By Jiniya Afroze
DHAKA – It is already apparent that the impact of the COVID-19 pandemic will be uneven, with poorer countries bearing the brunt of the fallout. This includes the 1.2 million children in Bangladesh who are engaged in the harshest forms of child labor. In such uncertain times, these children – and millions of others elsewhere – are even more vulnerable to exploitative and hazardous work.
The reason is simple. When major global retail outlets canceled orders due to lockdown-related cutbacks, the production of low-cost fashion in much of the world came to a standstill, leaving many garment workers in the Global South without an income. Since March, Bangladesh’s exports of leather goods have declined by 22%. The country’s footwear-manufacturing industry, the world’s eighth largest, has also been affected, with exports down by 50% since the pandemic began.
With leather-goods producers facing canceled orders and restrictions to slow the transmission of COVID-19, the unregulated informal sector has become much more competitive, with factory owners targeting children as cheap labor. In the informal leather sector, children often work long hours for little or no pay, frequently doing work that is physically and psychologically harmful and dangerous jobs during the production process. But despite the risks, most children rely on such employment to support themselves and their families.
Now, tanneries are slowly resuming production, and raw materials are being channeled to factories filling new international orders, leading to a relative scarcity of materials for domestic production. This creates another opening for leather producers in the unregulated informal sector. Their ability to step in to meet domestic demand depends on the further exploitation of children.
Bangladesh does have laws and policies to address hazardous and exploitative child labor. But policy gaps exist – the Bangladesh Labor Act, for example, does not cover the informal sector.
Here, international brands and corporations have an opportunity to help. Global retail outlets must recognize not only the immediate financial impact of canceling orders, but also the unintended consequences for both the formal and informal sectors.
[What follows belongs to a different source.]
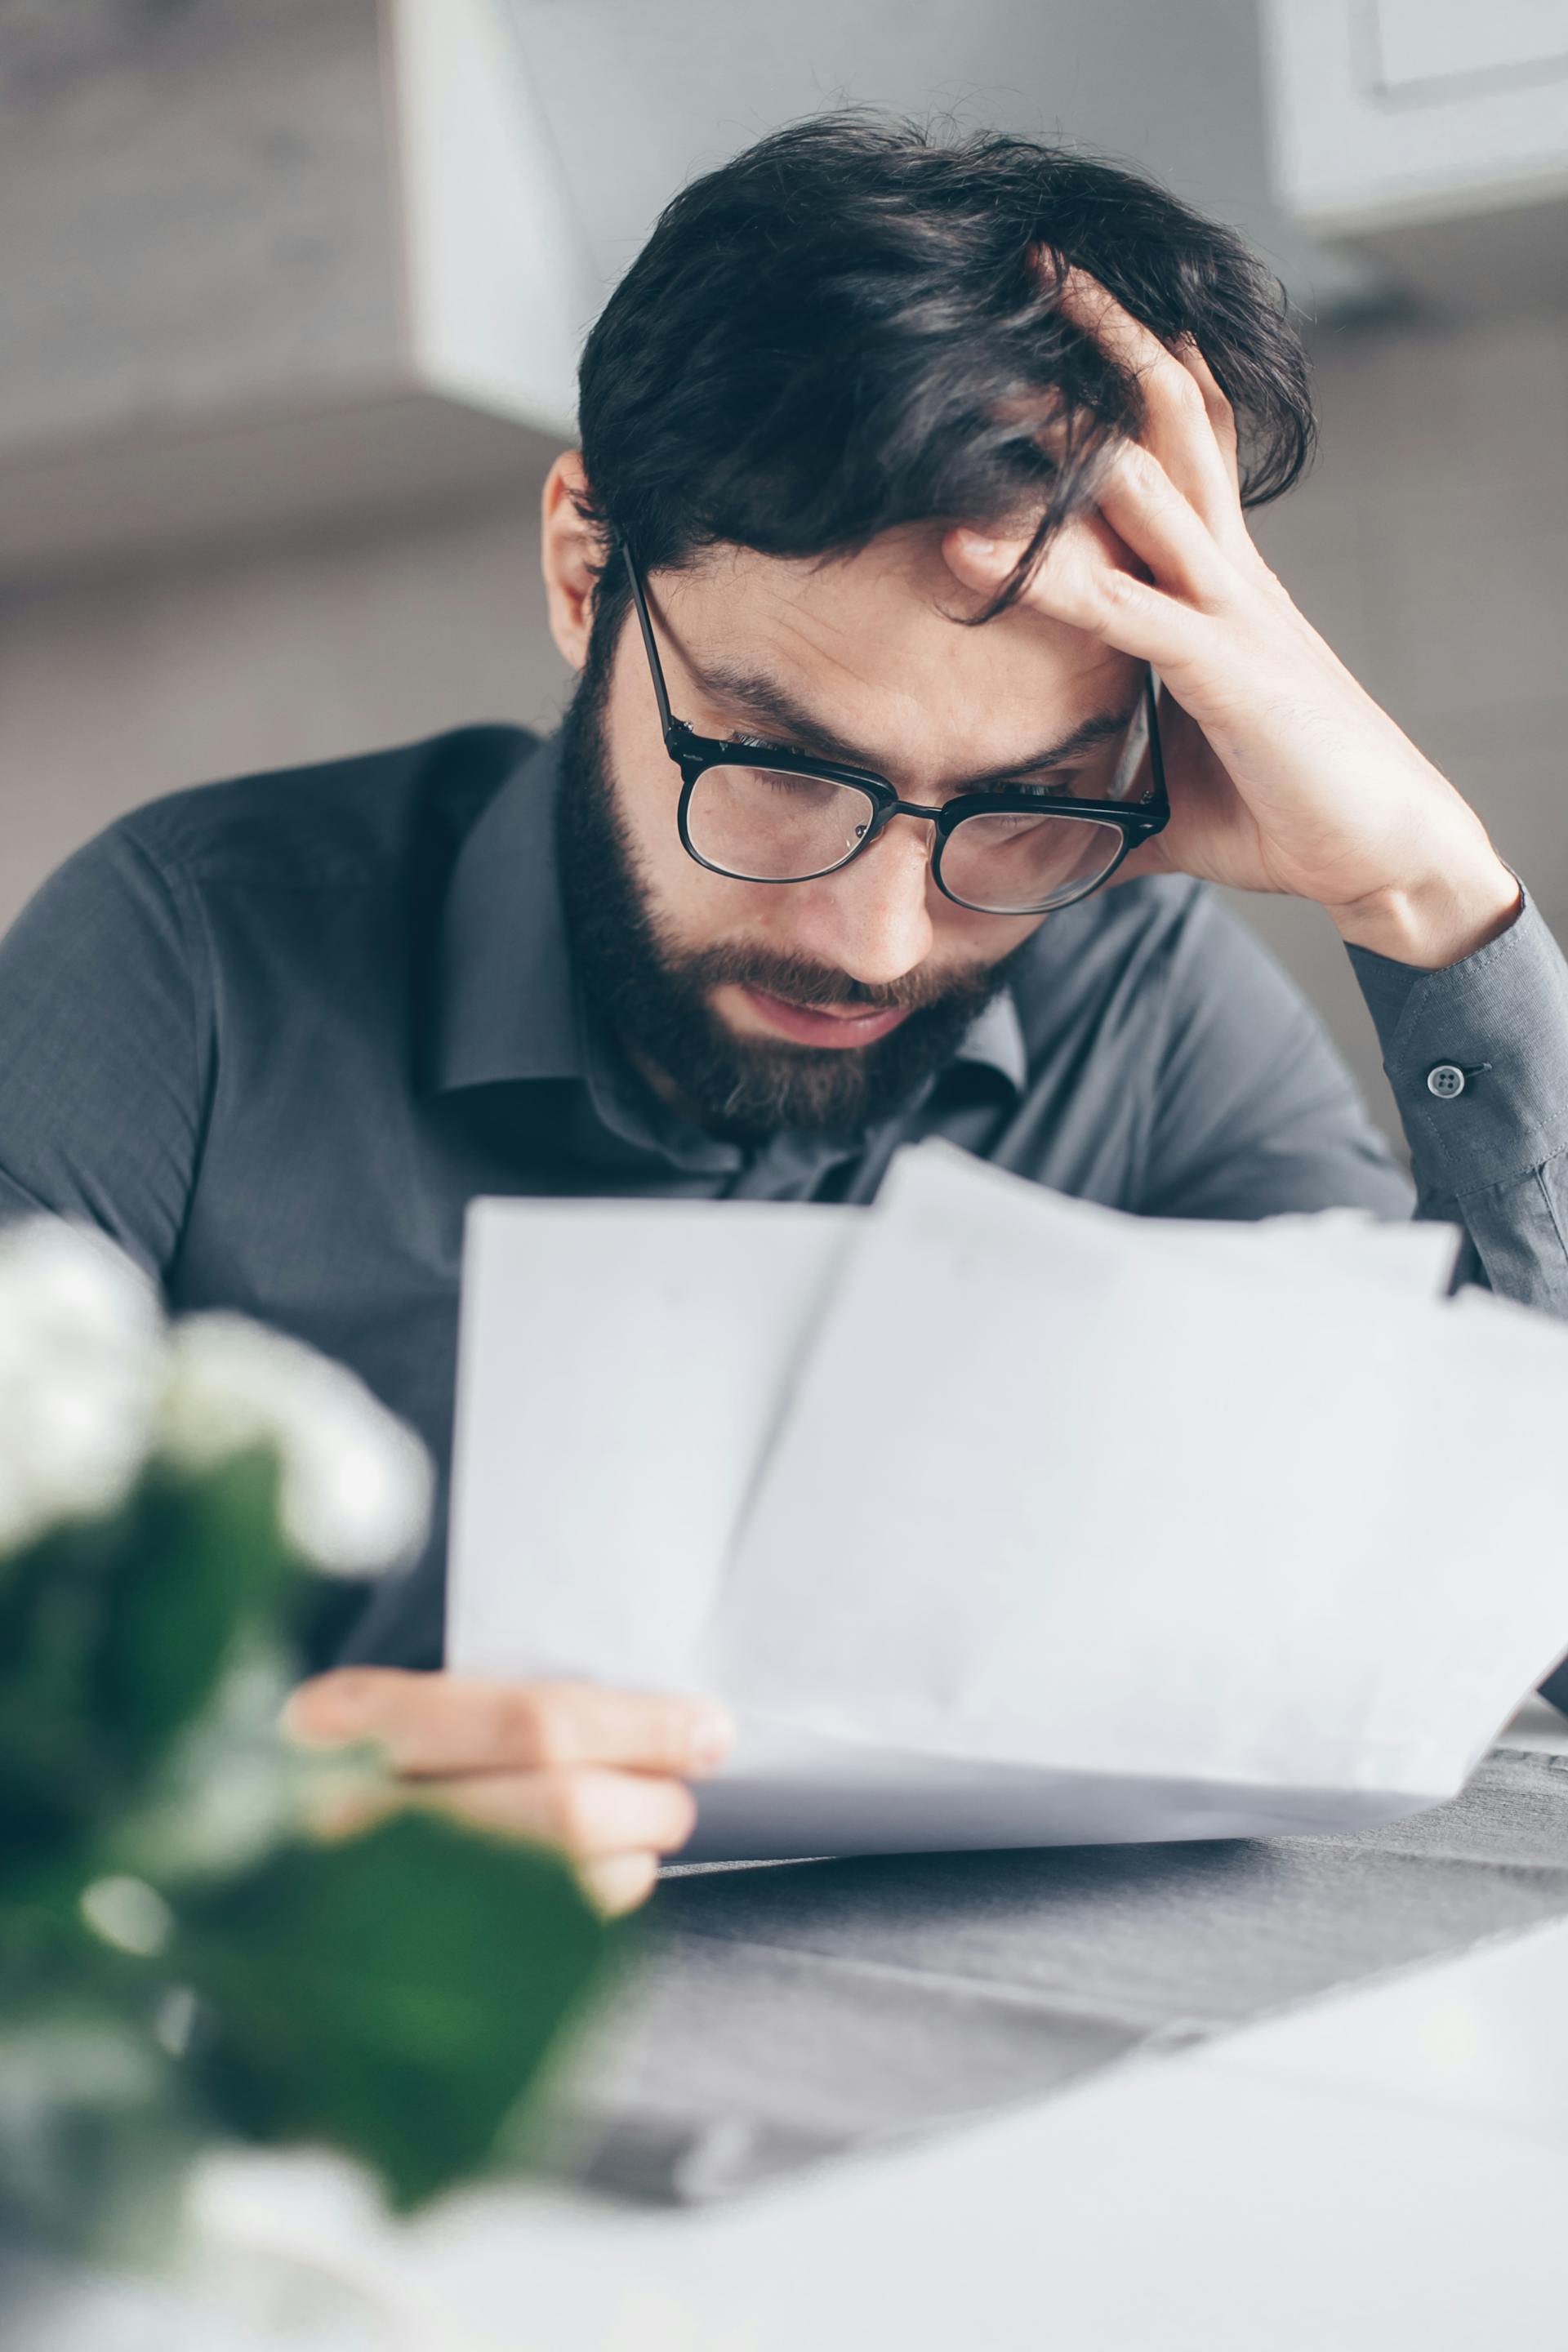 A man looking disturbed while reading the documents in his hand | Source: Pexels

This means approaching the problem holistically, with established brands and their customers being well informed about where, how, and by whom goods are produced. Brands need to take responsibility for ensuring ethical behavior throughout their supply chain. Stricter monitoring is necessary to guarantee that all suppliers, international and local, meet the same standards in terms of labor codes and working conditions. And a transparent system is needed for tracking the sources of raw materials and ensuring that children are not used in bonded labor or working in hazardous conditions.
While plenty of initiatives to protect child workers have been undertaken in recent decades, they often fall short. Tracking the long supply chain is difficult, so a culture of violence at its origin persists, sustained by structural inequalities that constant global demand for cheap products embeds in the production process.
Having to comply with a monitoring regime would prevent suppliers from subcontracting their work to informal, often unregulated companies in which workers, including many children, labor in harmful and hazardous conditions. Responsible brands could also implement the “positive deviance” approach, publicly sharing their ethical business strategies and practices, which may encourage other brands to investigate their own practices in turn.
Furthermore, relevant government agencies, civil-society groups, and private-sector organizations must focus on enforcing existing policies and protecting children’s rights. Both international and local brands need to be held accountable regarding their duty to care for children. All businesses should adhere to a minimum-age requirement, maintain standard working hours, and guarantee safe workplace conditions. To ensure compliance, businesses employing children must have a multi-stakeholder consultation system in place, including representatives from the government, civil society, human-rights organizations, and academia, as well as social workers.
Finally, to protect children from harmful work and modern slavery in industries like leather goods requires listening to children themselves. Children are rarely involved in workplace decision-making, especially during shocks like the COVID-19 pandemic, when they are more likely to be subjected to hazardous conditions. Learning from them about their experiences at all stages of the production process can be pivotal in improving their well-being.
The pandemic has exposed the intricacies of global supply chains and the vulnerability of the people working within them. Even in normal times, children are vulnerable to exploitation by unregulated, informal firms, which will pick up business where other firms cannot. But now this risk is greater than ever.
Understanding global supply chains and the impact of sudden changes on the vulnerable people who form their links is crucial. Advocates and policymakers must devise and implement robust accountability systems to uphold the rights of the millions of children – in Bangladesh and globally – who must work.
Afroze is Country Coordinator for Bangladesh at the Child Labour: Action-Research-Innovation in South and South-Eastern Asia (CLARISSA) consortium.